To clarify before I begin, this is NOT homework but rather I am studying for my exam. I have given solutions for the questions below. I would like some constructive feedback.

Thanks for the feedback for whoever left it in my last question.
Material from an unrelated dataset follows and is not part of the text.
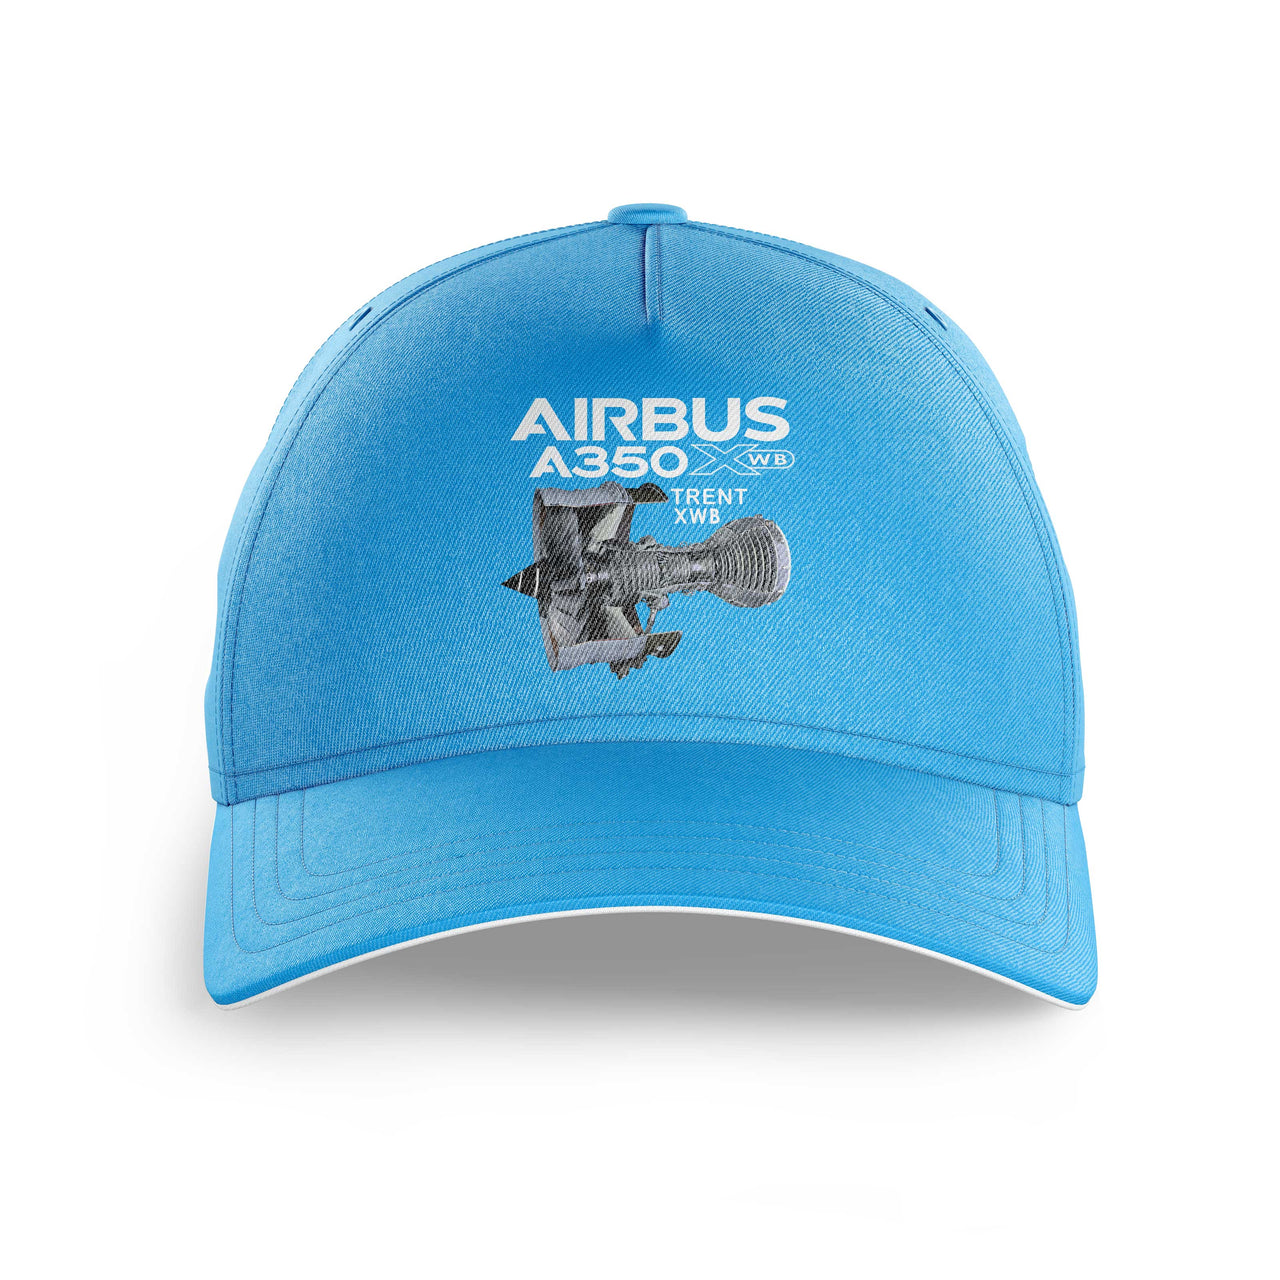 Airbus A350 & Trent XWB Engine Printed Hats

Below I have given in detail solutions to why i think the answer is so.

Find running time in terms of O(n) notation.

int y=0;
for(int j=1; j*j<=n; j++)// runs from 1->j=sqrt(n) times
    y++; //constant - c

Therefore, run time is c x n^1/2 = O(n^1/2)

Q2.

int b=0;
for(int i=n; i>0; i--) //runs from n->1
    for(int j=0; j<i; j++) // runs from 0 to i
        b=b+5; //constant

for each value of j (1,2...,n) inner loop runs i times constant = ci.
– nc+(n-1)+...+2c+1c = c(n+..+2+1) = cn(n+1)/2 = O(n^2) run time.

Q3.

int y=1;
int j=0;
for(j=1; j<=2n; j=j+2) //runs 2n times, increments by 2
    y=y+i; //constant c

int s=0;
for(i=1; i<=j; i++) // not a nested for loop, therefore runs n times
    s++;  

running time: O(n)

Q4.

int x=0; //constant
for(int i=1; i<=n; i=i*3) //runs log_3 (n) times
{ 
    if(i%2 != 0) // for values above will always be 1

    for(int j=0; j<i; j++) // runs from 0 to log_3(n)
        x++;
}

so we have clog_3(n)xclog_3(n) = O(log_3(n))^2